While he admits totally bioabsorbable stents will likely be the way of the future, current prototypes have very thick struts, which means it will not fit in some vessels that can currently be stented. The polymer struts also have issues with recoil.

For these reasons Fiedler said Boston Scientific is also developing metallic stents that dissolve through corrosion.

BIOTRONIK has already developed a bare metal magnesium alloy biodegradable stent that has been tested in three in-human clinical trials. “The concept is feasible and safe, but we are still making adjustments,” said Ellen Ko, team manager, global coronary marketing, vascular intervention, at BIOTRONIK.

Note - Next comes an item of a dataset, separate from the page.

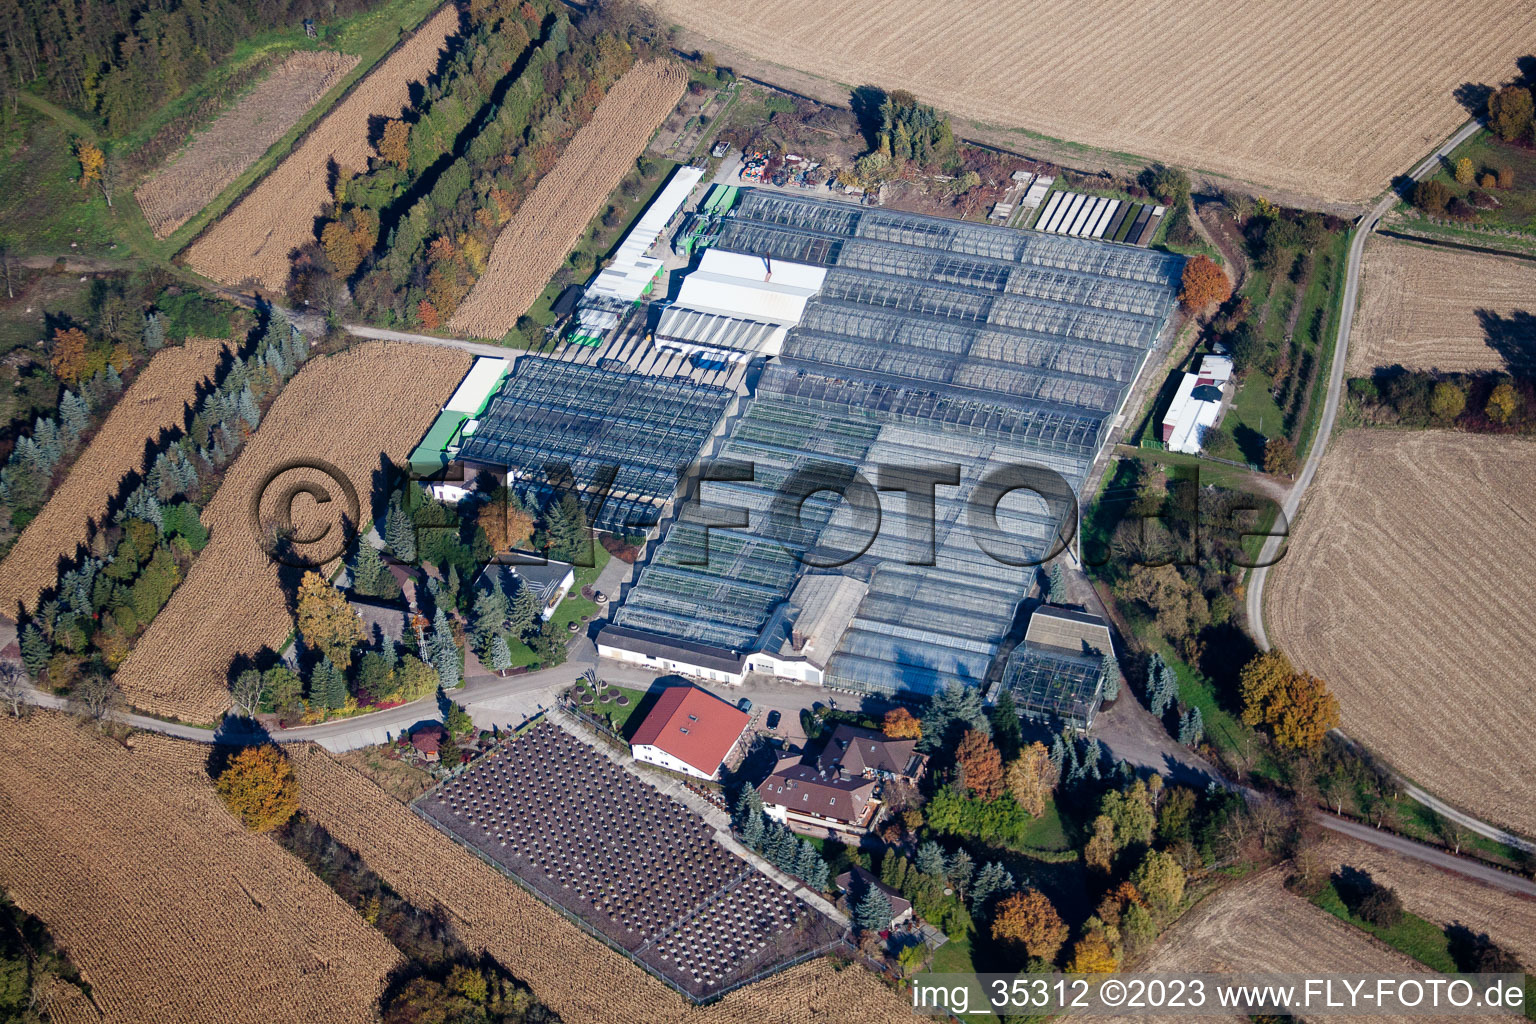 Geranium Endisch GmbH in Hagenbach in the state Rhineland-Palatinate, Germany from above
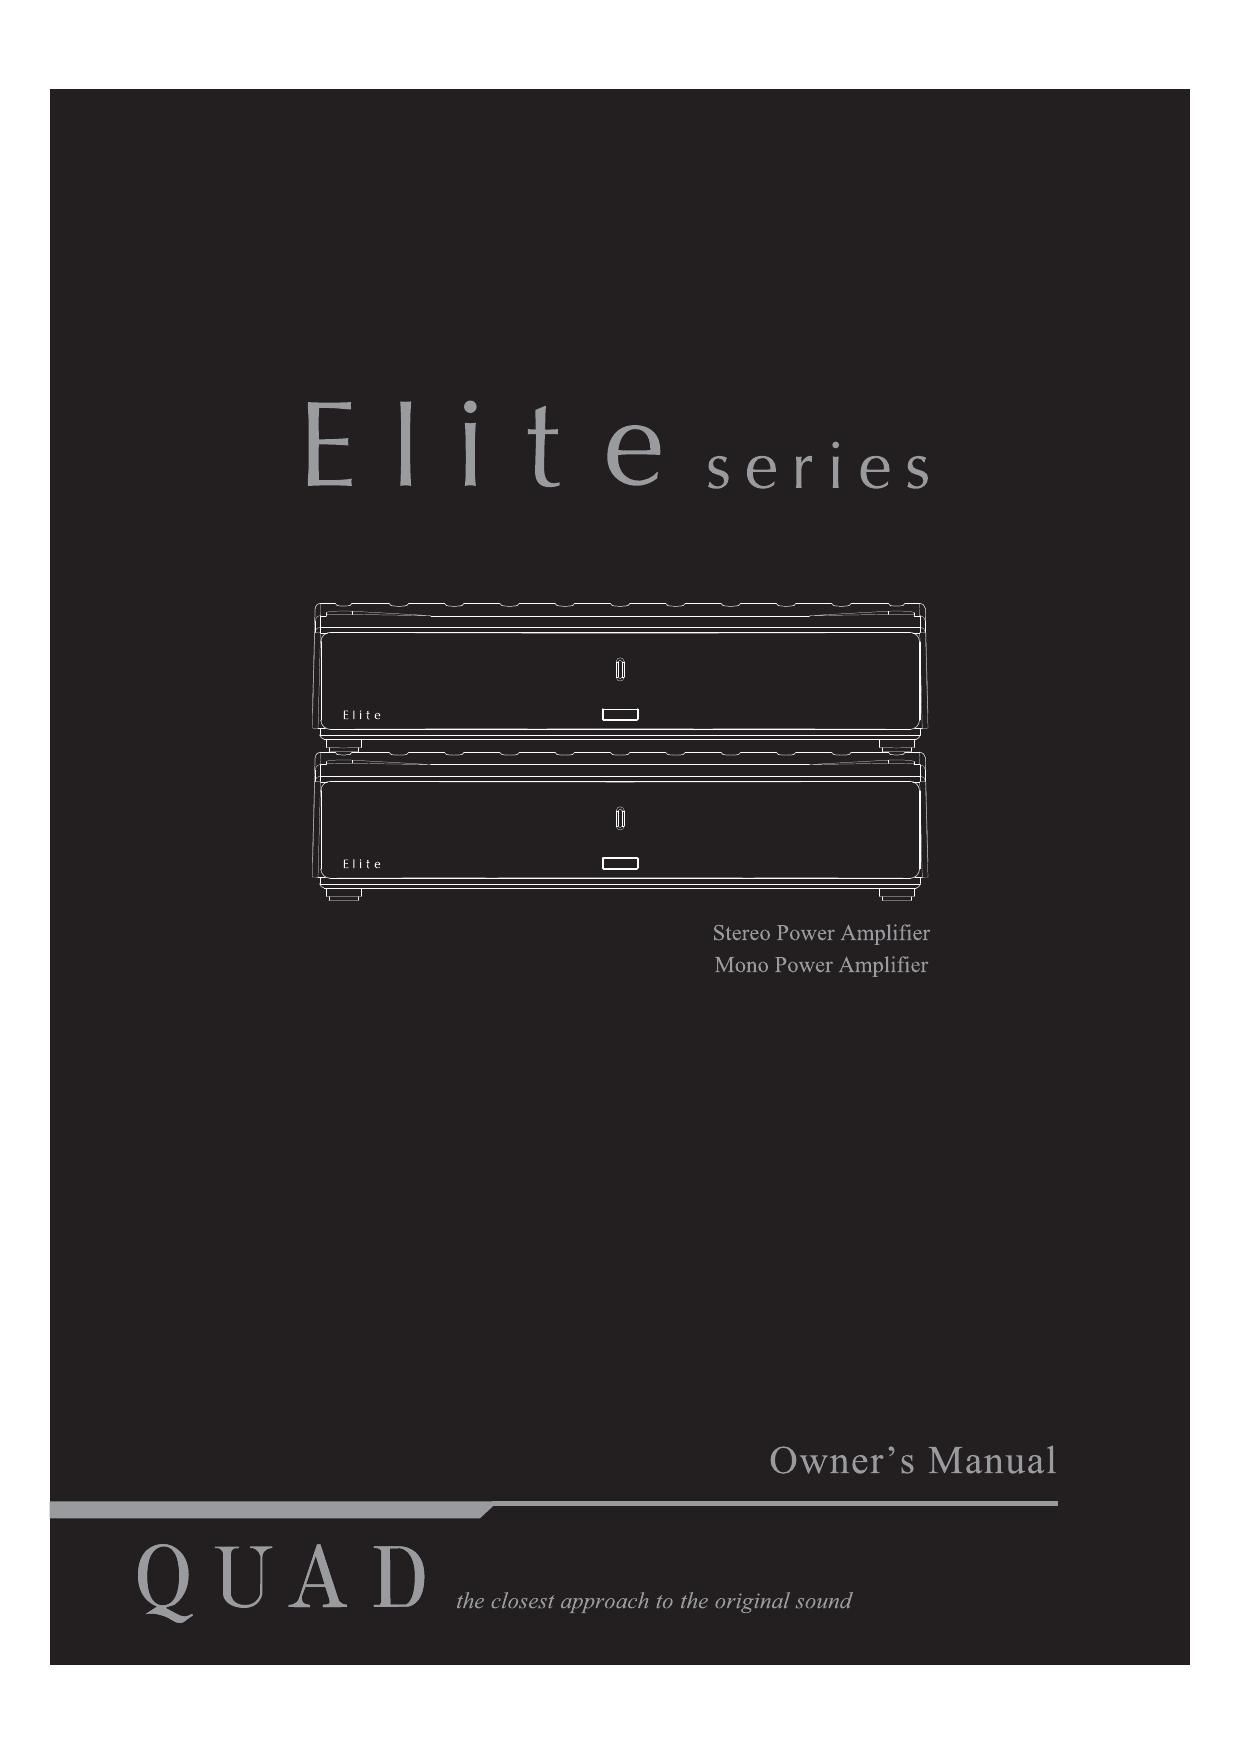 Quad Elite Stereo Owners Manual

She said the company is planning further trials and may make it a drug-eluting stent before seeking CE mark approval in the next couple years. Ko said the metal stent dissolves in a couple months, as opposed to the polymer stents, which take much longer. She said Biotronik sees bioabsorbable stents as the next major leap in stent technology.

“Every 10 to 15 years they say there is a major breakthrough in cardiac technology, and it is about time for a major breakthrough like this to happen,” Ko said.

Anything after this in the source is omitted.